■ MATERIAL PROVIDED ■
════════════════════
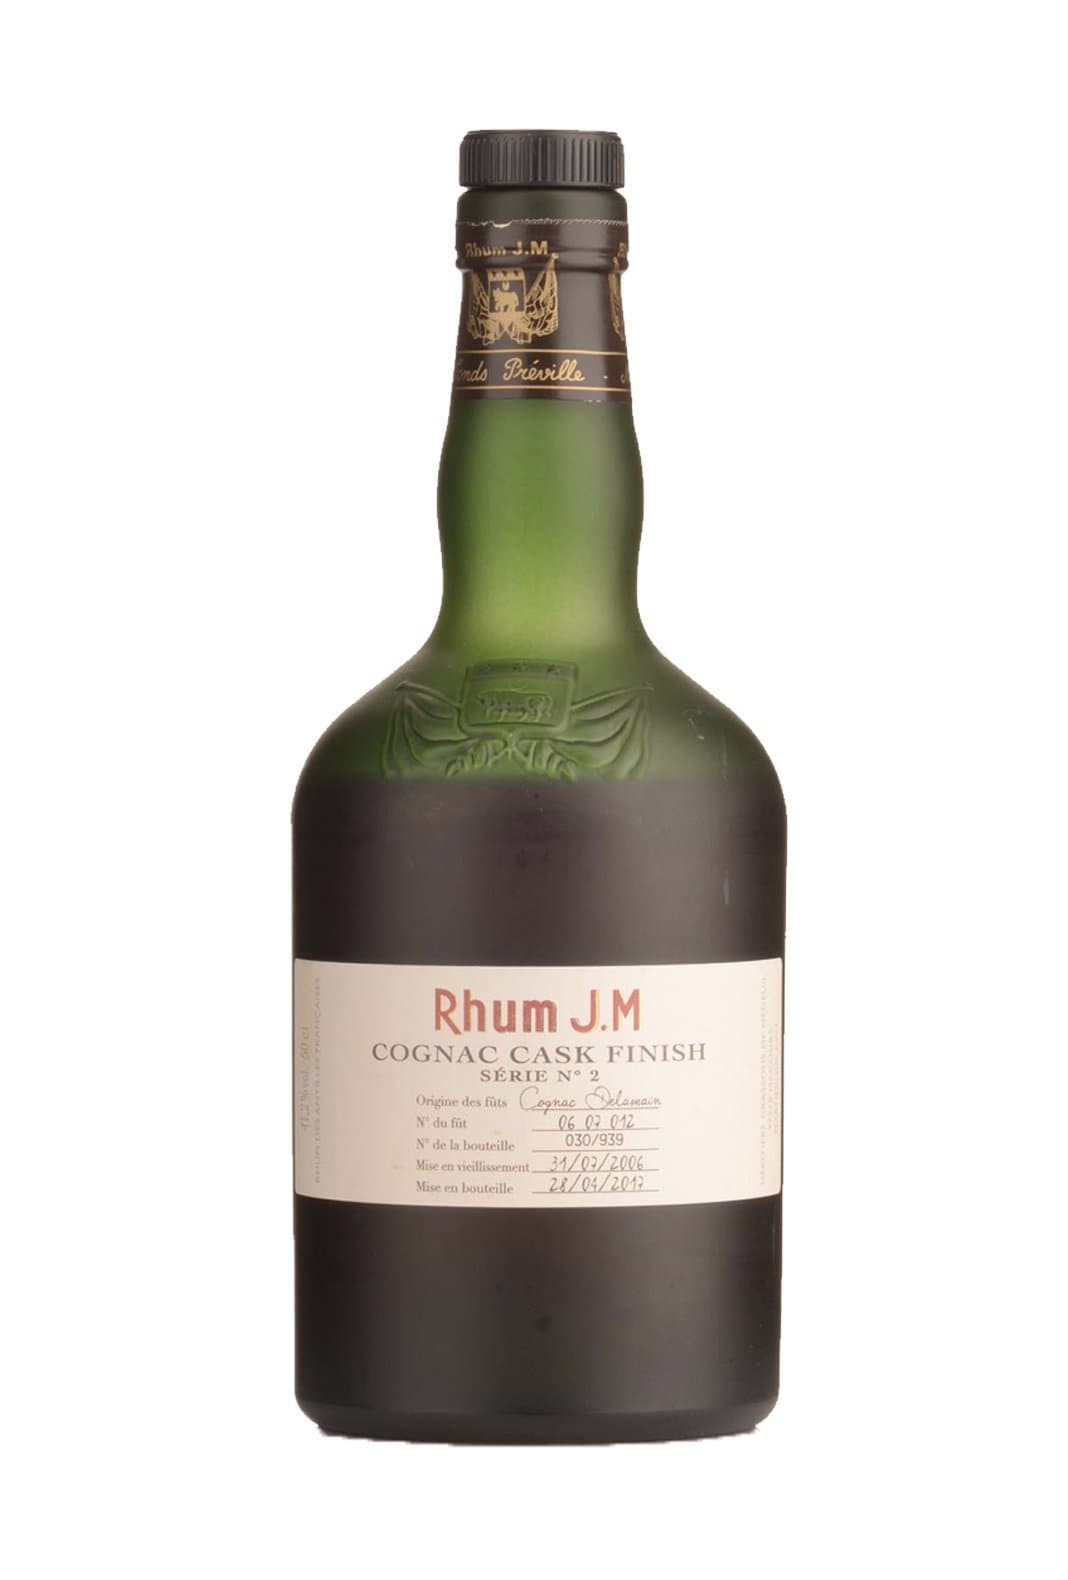 J.M Rhum Agricole 2006 Delamain Cask (Cognac) Finish 41.2% 500ml | Rum | Shop online at Spirits of France
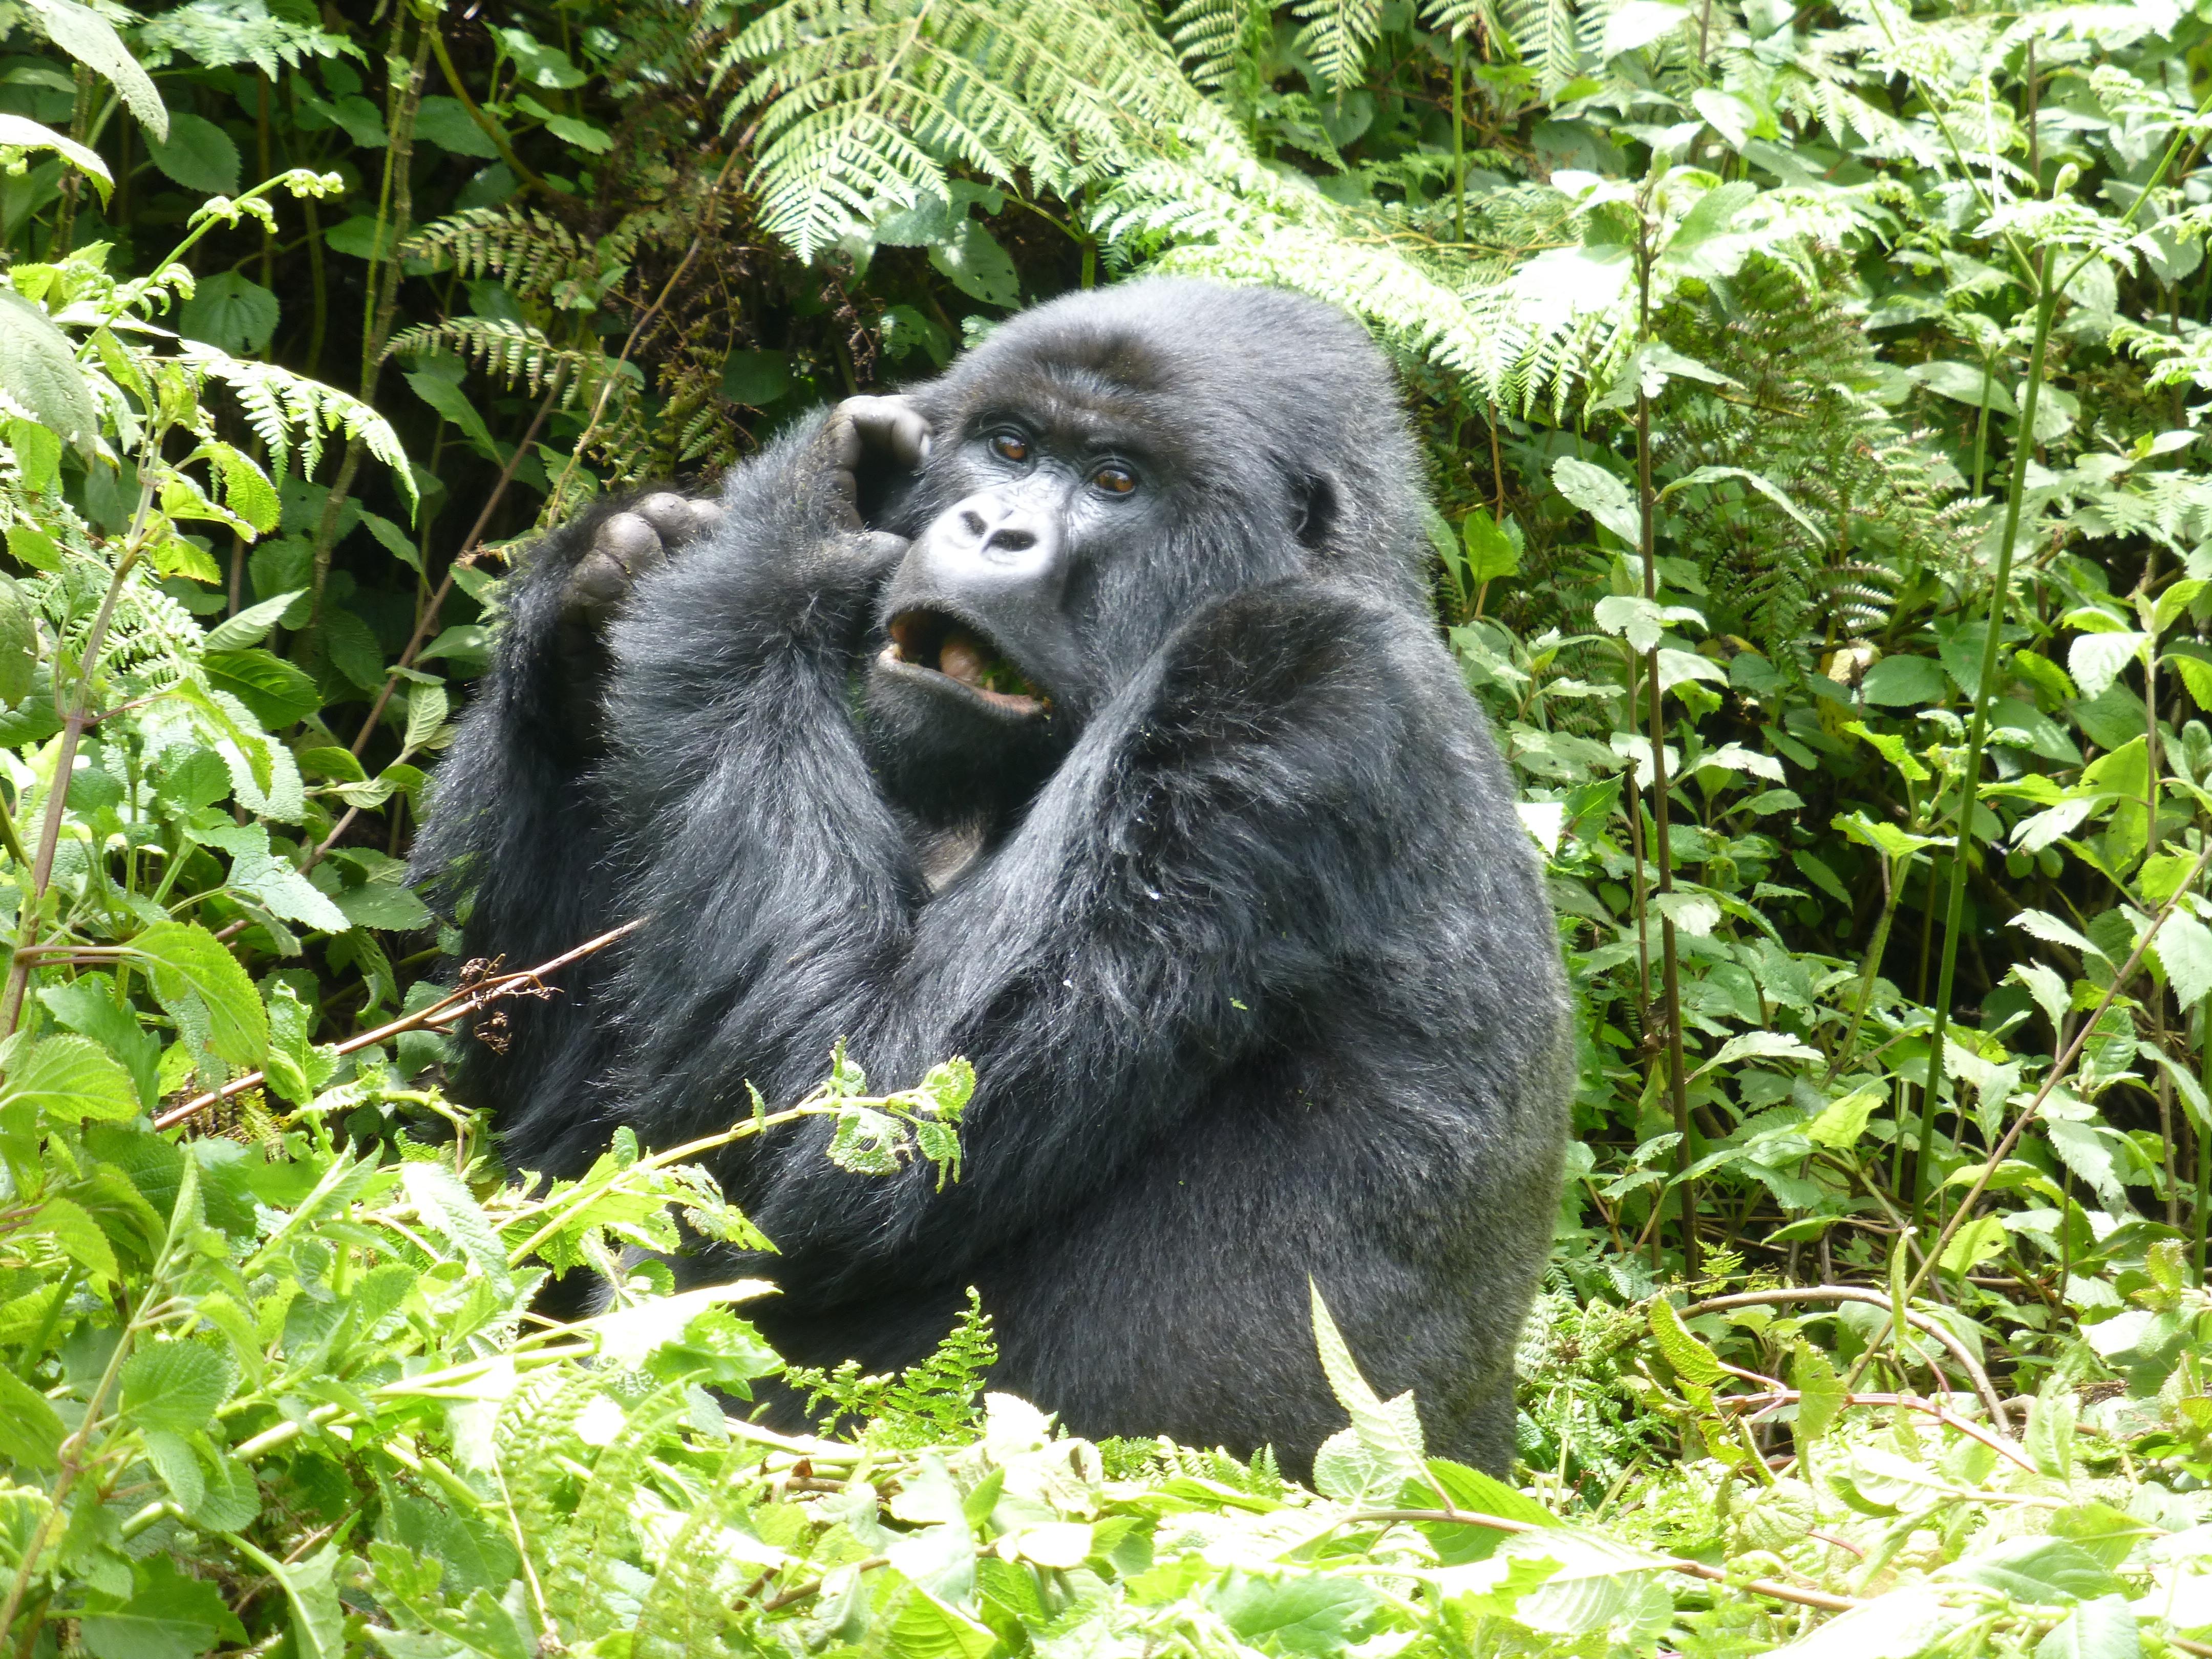 7 Days Uganda Gorillas chimps and shoebill stork safari
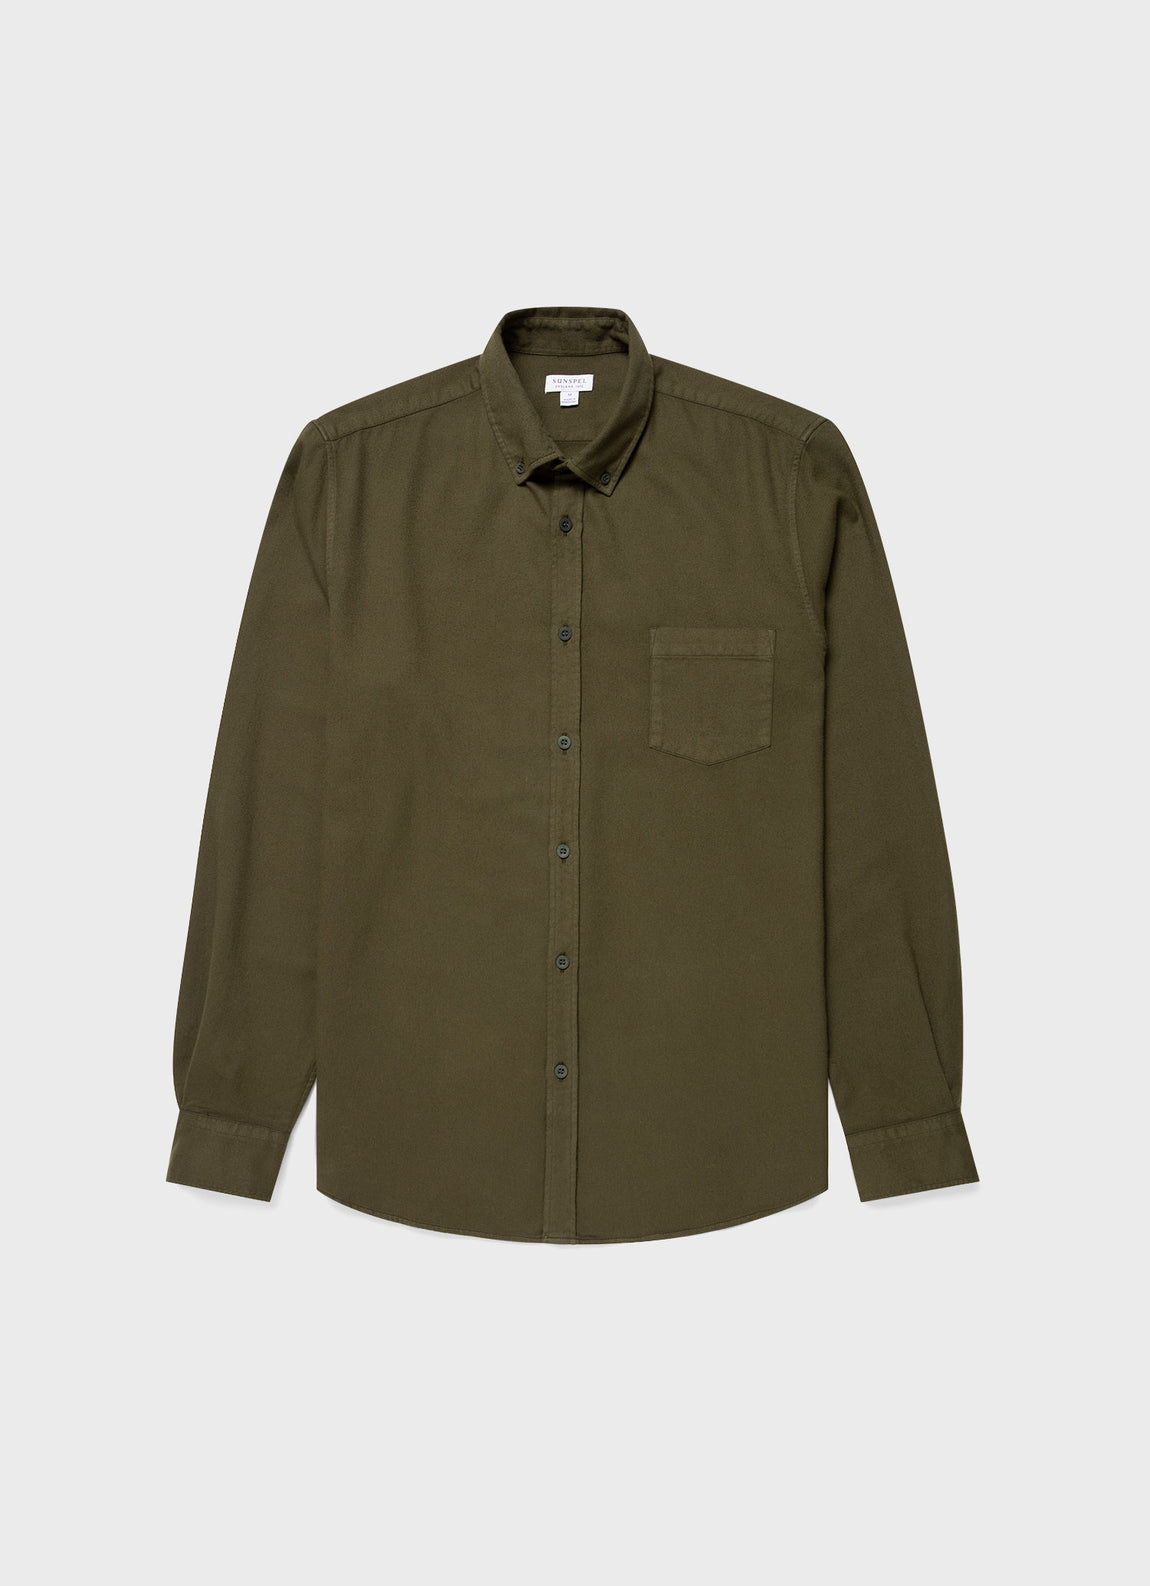 Men's Button Down Flannel Shirt in Dark Olive | Sunspel
════════════════════
■ ACTION ITEM ■
Exclude the images and output the lines above exactly.

■ EXPECTED OUTPUT ■
 J.M Rhum Agricole 2006 Delamain Cask (Cognac) Finish 41.2% 500ml | Rum | Shop online at Spirits of France
 7 Days Uganda Gorillas chimps and shoebill stork safari
 Men's Button Down Flannel Shirt in Dark Olive | Sunspel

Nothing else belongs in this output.